AETAS AUREA
Alexander Keirinckx (1600-1652)
Forest Landscape with Bathers
Signed and dated lower left A. KEIRINX f 162., oil on panel
53 x 74 cm
At first glance, this painting appears to capture a mundane scene: a group of women escaping the warmth of a summer’s day by a lake in the forest. While a few of the women still enjoy the water, another inspects her legs on the shore and a second dries her hair with a towel.
Upon closer inspection, the grazing sheep and shepherds’ sticks identifies this as a group of shepherdesses. This makes the scene far less ordinary. For, in the 17th century when Keirinckx produced this painting, shepherdesses would certainly not have looked gracious, nor would they have had the time, let alone, the courage to swim in open, potentially contaminated and hazardous water.
Thus, the scene depicted here is purely idyllic, which the 17th century collector would have immediately recognised as the ‘AETAS AUREA’, or the Golden Age, as described by Ovid in his Metamorphoses (see illustration). Parallels may be drawn between this golden era and the Biblical paradise: prehistoric times with mankind living in innocence, free from wars and sickness. Only in the subsequent silver, bronze and iron age would humanity be faced with such hardship, analogous to the consequence of the Fall of Man as described in the Bible.
Alexander Keirinckx, a landscape painter born in Antwerp, made AETAS AUREA his speciality, invariably enlisting the help of a colleague for painting the figures, in this case his fellow citizen, Adriaen van Stalbemt. In 1626, after moving to Utrecht, he would often collaborate with Cornelis van Poelenburgh on compositions, still with a classical nature theme, albeit more monochrome in tone.

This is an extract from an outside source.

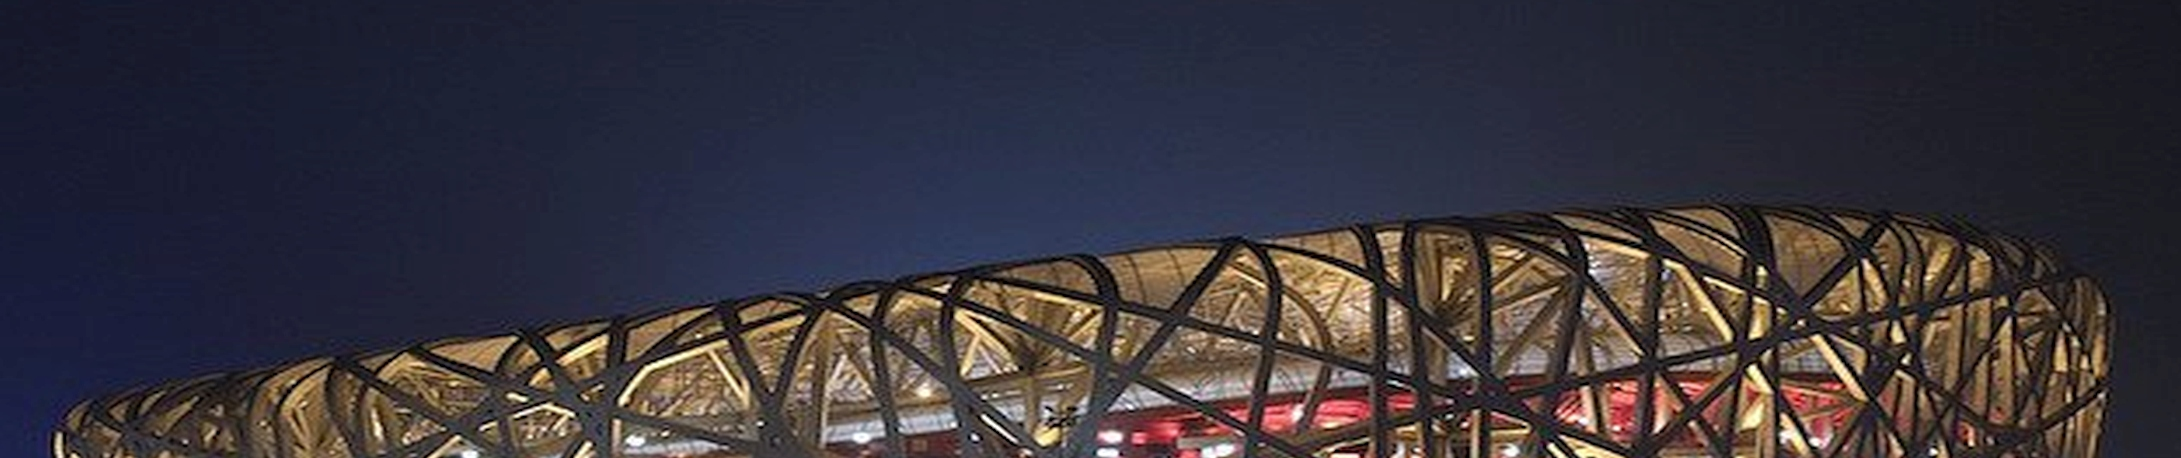 5.1. Konstrukcje łukowe w obiektach kubaturowych Za największą obecnie konstrukcję stalową uważany jest Stadion Narodowy Ptasie Gniazdo w Pekinie,

The numerous printed and illustrated translations of Ovid’s Metamorphoses appearing in Antwerp from 1560 onwards, as well as the various prints after Italian masters (for example, the one by Agostino Carracci after Pauwels Franck, dated 1585/1590, as shown in the illustration) would have provided Keirinckx with inspiration for his favourite subject.
And as far as the Greek and Roman fondness for swimming and bathing was concerned, this would only become mainstream by the end of the 19th century. Until then only the privileged would enjoy these pleasures. François I had a luxurious bathhouse built for himself and his guests, equipped with Roman-style warmer and colder baths. The famous Roman baths of Bath are depicted in a well-known print dated 1672 (see illustration).
Despite this publication, it would be another 250 years before swimming and beach holidays became commonplace. Meanwhile, Keirinckx’s classical bathers persisted as a popular theme for paintings throughout the 19th century, with those by Gustave Courbet, Auguste Renoir and Paul Cézanne as absolute masterpieces.
In the meantime, the painting, which stems from a French inheritance and was completely unknown, has found a new home since the art fair, TEFAF 2017. Alexander Keirinckx’s oeuvre and his significant contribution to 17th century landscape painting will shortly be published by Dr. Ursula Harting.